Nandita Vijay, Bengaluru
Tuesday, December 5, 2017, 08:00 Hrs  [IST]

Karnataka government has unveiled the State health policy. It was developed by the Karnataka Jnana Aayoga (KJA) established by the state government as an expert recommendatory body on innovation and knowledge activities. The policy highlights prescription audits at both private and public sectors needed to improve medication safety. It is also pressing for a state-wise antibiotic policy and infection control program, which is applicable both to public and private hospitals.
The KJA made a recommendation for the Karnataka Public Health Policy (KPHP) which was approved by the government. The Task Force for the Karnataka Public Health Policy was chaired by Dr Devi Prasad Shetty, chairman, Narayana Hrudayalaya.  

The key objective of the Karnataka Public Health Policy is to identify areas of interventions necessary to achieve the goals. It also called to evolve a time bound roadmap with periodic assessment evaluation and institution of necessary corrective measures. The Task Force has also insisted for the need to implement the evolved road map and set up a proper monitoring system to ensure the goals are achieved.
The policy proposes a comprehensive approach to address the health agenda in Karnataka. An inclusive and participatory approach is called for to ensure that all stakeholders in the health sector are involved in its development. The report is in two parts:. The first part contains the State Public Health Policy, with strategies to reach a high standard of healthcare and implementation framework required to achieve this standard. It outlines the role of each stakeholder in delivering the health agenda while taking into account the specific state machinery already in place. A monitoring and evaluation framework enables tracking of the program objectives. The state health policy will be implemented through a 10-year state integrated strategic plan with agreed targets that respond to the needs of essential health programmes and the population. A palliative care policy is already in place, and the KPME Act 2007 is being reviewed by a separate committee and does not come under the purview of the Task Force.

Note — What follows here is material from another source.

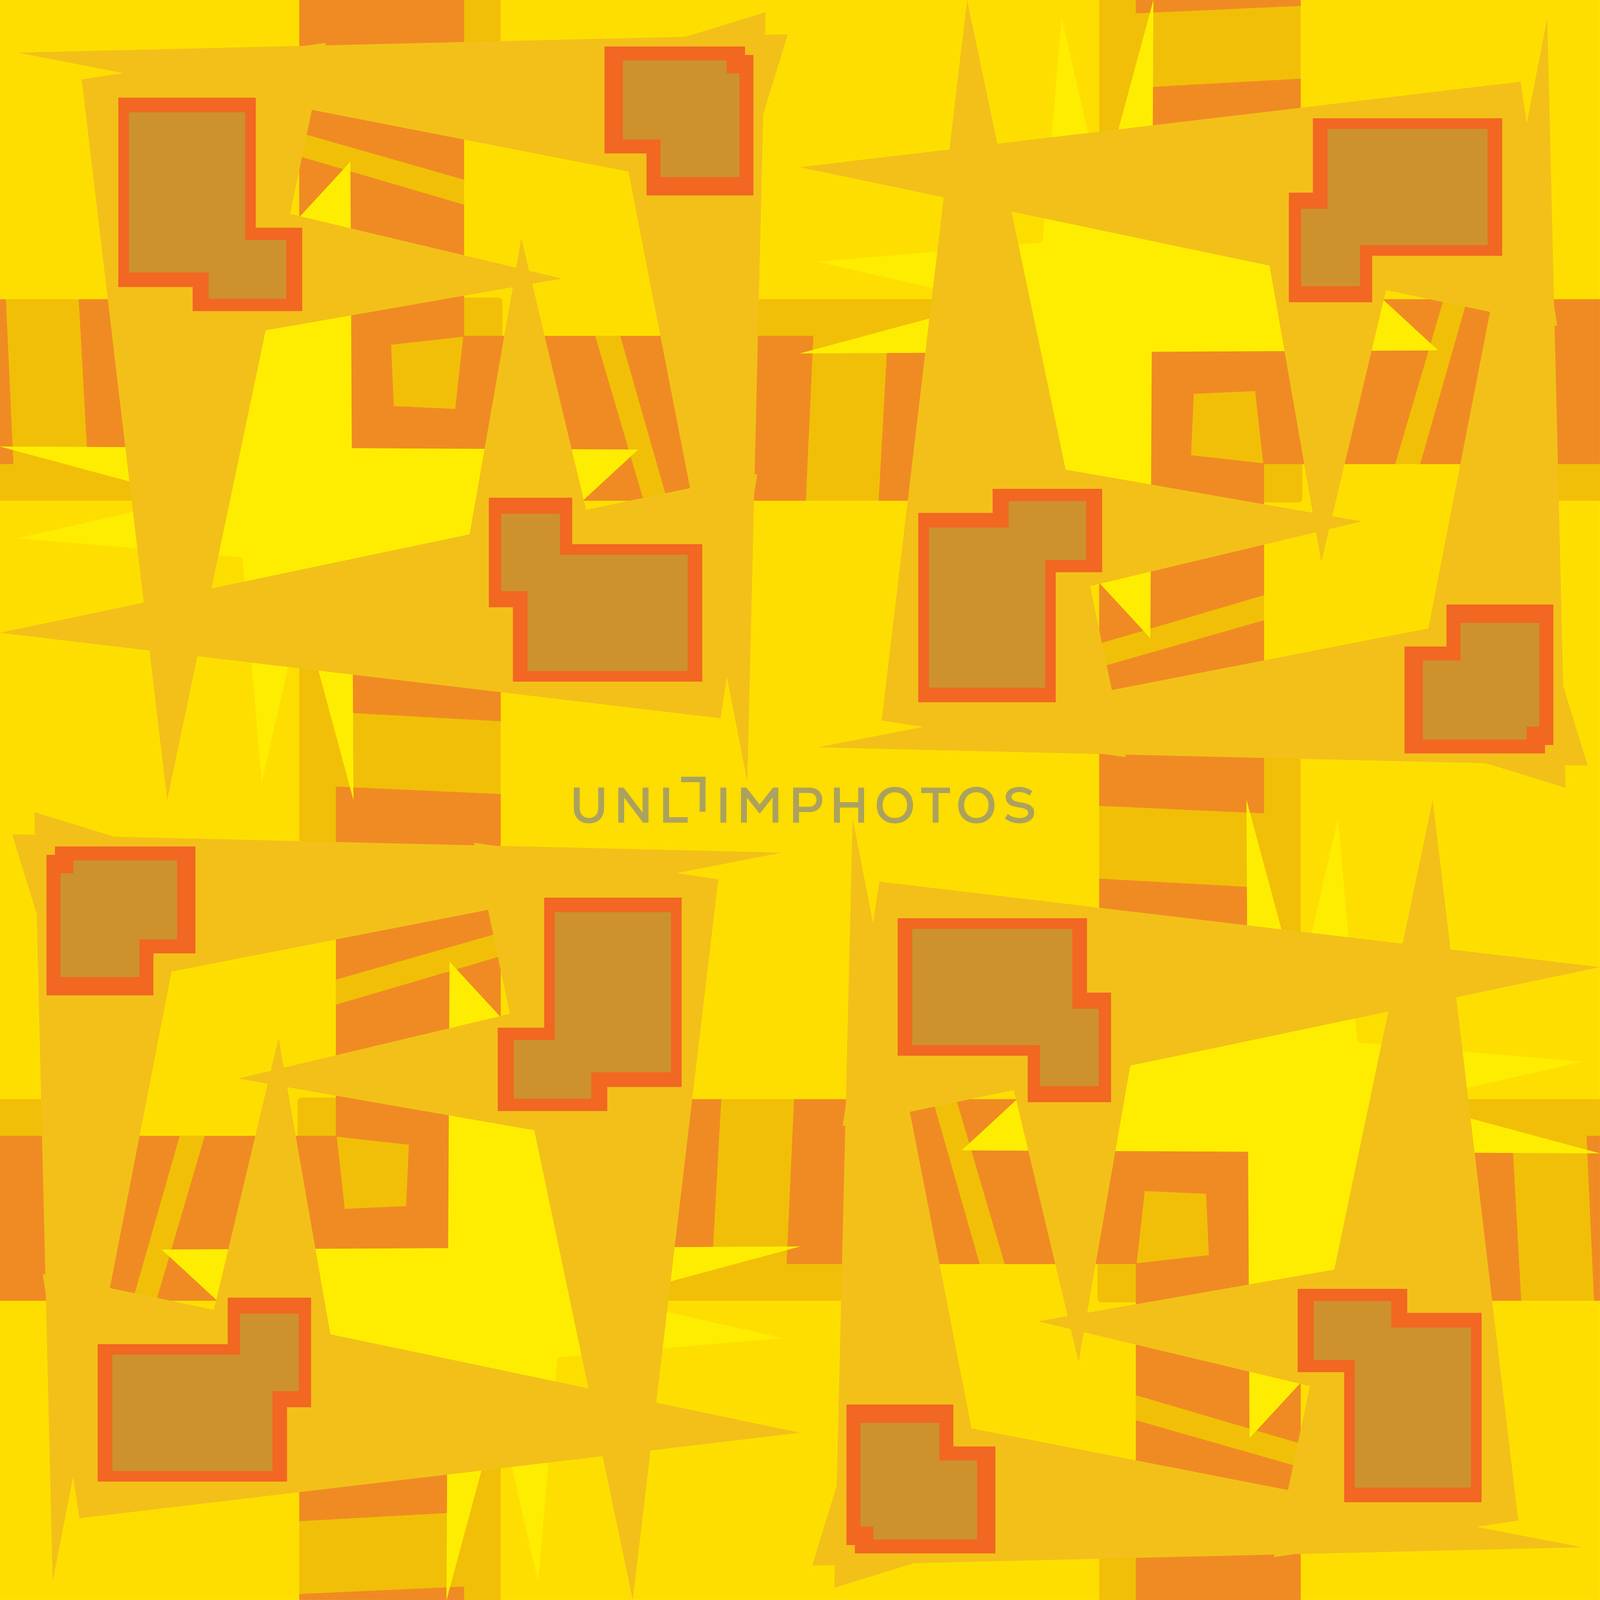 Abstract yellow rectangular shapes and lines in repeating pattern

The second part contains the recommendations of the TF-KPHP subcommittees in twelve areas of intervention. It insists for high-quality, uniform, equitable and easily accessible public health service system to enable effective disease management, critical disease care, and preparedness for health emergencies for a healthy citizenry across the state. There is a need for technologically-advanced high-quality healthcare institutions for medical education and research for future needs with motivated and service-oriented health and medical professionals.
The policy states that pharmacovigilance and prescription auditing should be a part of the quality-training parameter.
The Task Force noted that health expenditure in the State has seen an increasing trend in the last 15 years. Although the total expenditure on health increased over the years, the proportion of health expenditure to the GSDP has decreased from 1.46 (2000-01) to 1.0 (2013-14) while the percentage of total State expenditure spent on health has remained stagnant.
A large part of the expenditure on healthcare continues to be out-of-pocket which takes place at the time of illness, thus imposing a huge burden on families. It is estimated that about 70% of per capita expenditure on health was incurred by households, while public sources covered only 23.2% of this expenditure. This puts an undue financial burden on the population leading to catastrophic health expenditures.